R
CHAPTER XIV
For their after-luncheon coffee the party generally
adjourned to the library. Its windows
looked east, and at this hour of the day it was the coolest place in the whole
house. It was a large room, fitted,
during the eighteenth century, with white painted shelves of an elegant
design. In the middle of one wall a
door, ingeniously upholstered with rows of dummy books, gave access to a deep cupboard,
where, among a pile of letter-files and old newspapers, the mummy-case of an
Egyptian lady, brought back by the second Sir Ferdinando
on his return from the Grand Tour, mouldered in the darkness. From ten yards away and at a first glance,
one might almost have mistaken this secret door for a section of shelving
filled with genuine books. Coffee-cup in
hand, Mr Scogan was standing in front of the dummy
bookshelf. Between the sips he
discoursed.
'The bottom
shelf,' he was saying, 'is taken up by an Encyclopaedia in fourteen
volumes. Useful, but a little dull, as
is also Caprimulge's Dictionary of the Finnish
Language. The Bibliographical
Dictionary looks much more promising.
Biography of Men who were Born Great, Biography of
Men who Achieved Greatness, Biography of Men who had Greatness Thrust upon
Them, and Biography of Men who were Never Great at All. Then there are ten volumes of Thom's
Works and Wanderings, while the Wild Goose Chase, a Novel, by an
anonymous author, fills no less than six.
But what's this, what's this?' Mr
Scogan stood on tiptoe and peered up. 'Seven volumes of the Tales
of Knockespotch. The Tales of Knockespotch,'
he repeated. 'Ah, my dear Henry,' he
said, turning round, 'these are your best books. I would willingly give all the rest of your
library for them.'
The happy
possessor of a multitude of first editions, Mr Wimbush
could afford to smile indulgently.
'Is it
possible,' Mr Scogan went on, 'that they possess
nothing more than a back and a title?'
He opened the cupboard door and peeped inside, as though he hoped to
find the rest of the books behind it. 'Phooh!' he said, and shut the door again. 'It smells of dust and mildew. How symbolical! One comes to the great masterpieces of the
past, expecting some miraculous illumination, and one
finds, on opening them, only darkness and dust and a faint smell of decay. After all, what is reading but a vice, like
drink or venery or any other form of excessive self-indulgence? One reads to tickle and amuse one's mind; one
reads, above all, to prevent oneself thinking.
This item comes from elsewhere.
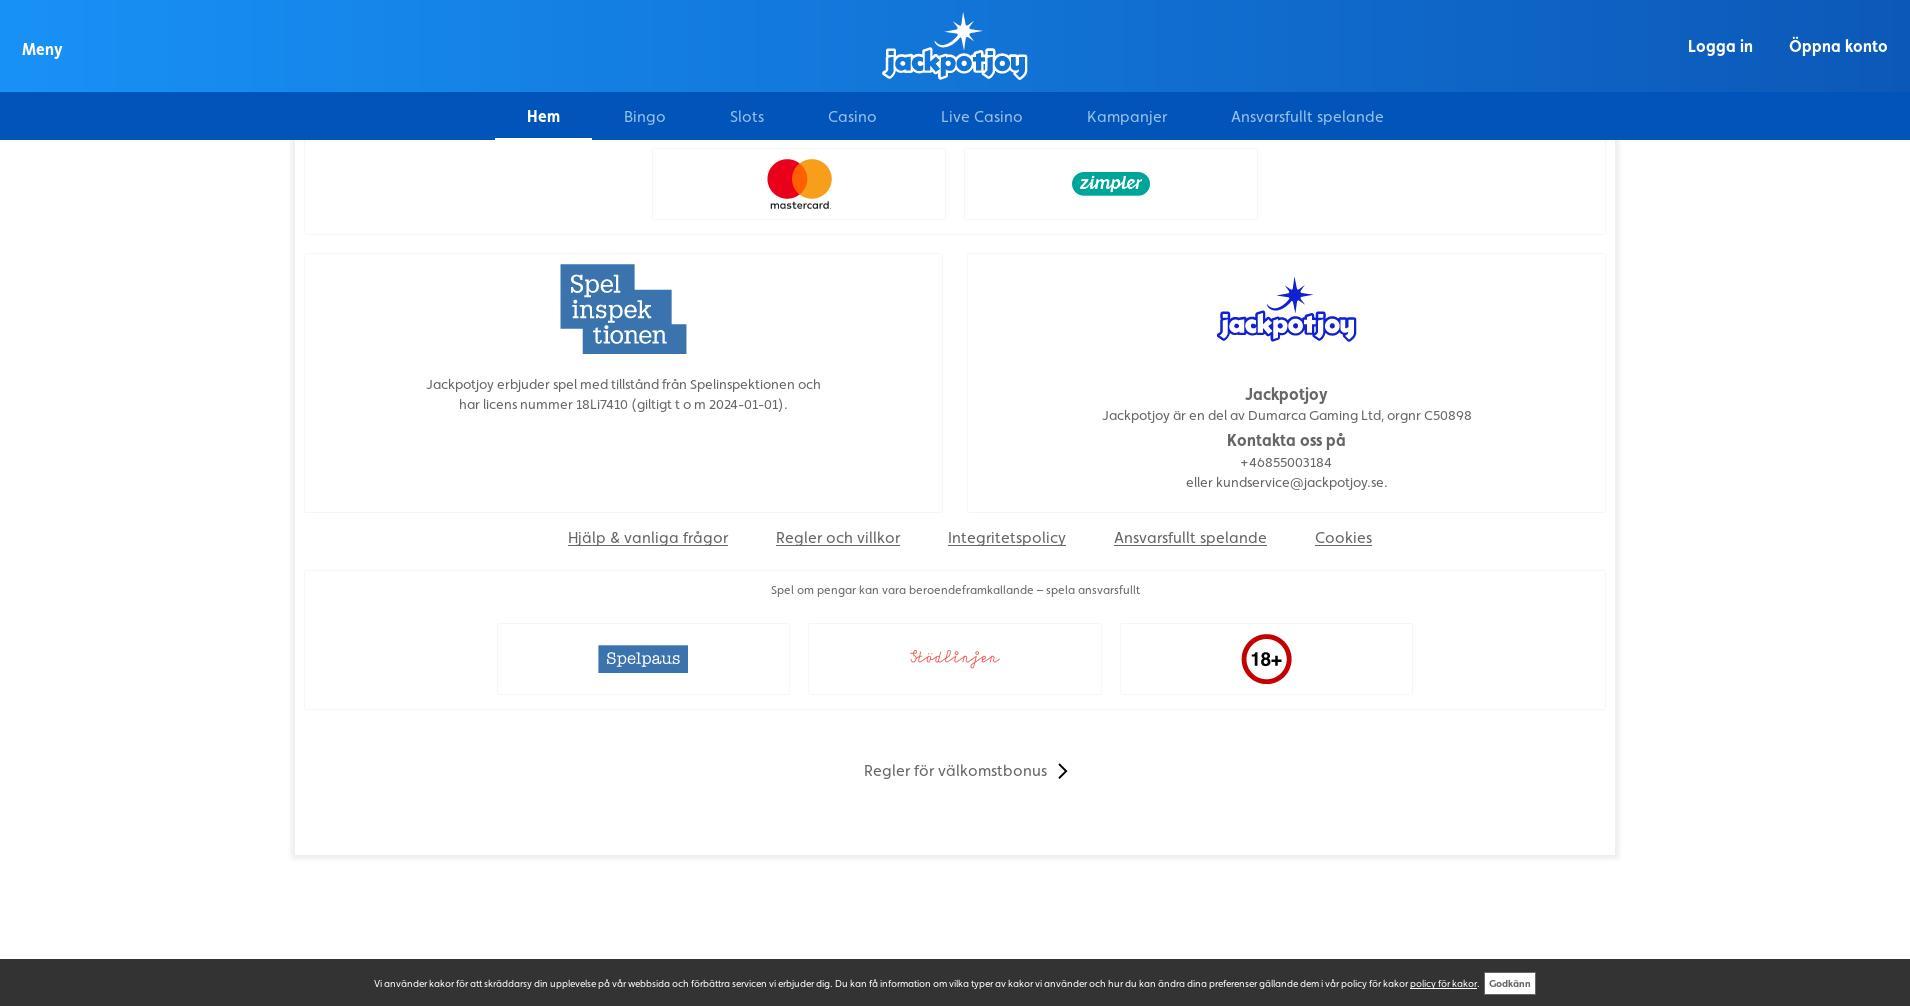 Casino skärm Lobby 2020-01-28 för Sverige

Still - the Tales of Knockespotch ...'
He paused,
and thoughtfully drummed with his fingers on the backs of the non-existent,
unattainable books.
'But I
disagree with you about reading,' said Mary.
'About serious reading, I mean.'
'Quite
right, Mary, quite right,' Mr Scogan answered. 'I had forgotten there were any serious
people in the room.'
'I like the
idea of the Biographies,' said Denis.
'There's room for us all within the scheme; it's comprehensive.'
'Yes, the
Biographies are good, the Biographies are excellent,' Mr Scogan
agreed. 'I imagine them written in a
very elegant Regency style - Brighton Pavilion in words - perhaps by the great
Dr Lemprière himself.
You know his classical dictionary?
Ah!' Mr Scogan
raised his hand and let it limply fall again in a gesture which implied that
words failed him. 'Read his biography of Helen; read how Jupiter, disguised as
a swan, was "enabled to avail himself of his situation" vis-à-vis
Leda. And to think that he may have,
must have written these biographies of the Great! What a work, Henry! And, owing to the idiotic arrangement of your
library, it can't be read.'
'I prefer
the Wild Goose Chase,' said Anne.
'A novel in six volumes - it must be restful.'
'Restful,'
Mr Scogan repeated.
'You've hit on the right word. A Wild
Goose Chase is sound, but a bit old-fashioned - pictures of clerical life
in the fifties, [ i.e. eighteen-fifties.] you know; specimens of the landed gentry; peasants
for pathos and comedy; and in the background, always the picturesque beauties
of nature soberly described. All very good and solid, but, like certain puddings, just a little
dull. Personally, I like much
better the notion of Thom's Works and Wanderings. The eccentric Mr Thom of
Thom's Hill. Old Tom Thom, as his
intimates used to call him. He spent ten
years in Tibet organizing the clarified butter industry on modern European
lines, and was able to retire at thirty-six with a handsome fortune. The rest of his life he devoted to travel and
ratiocination; here is the result.' Mr Scogan tapped the dummy books. 'And now we come to the Tales of Knockespotch.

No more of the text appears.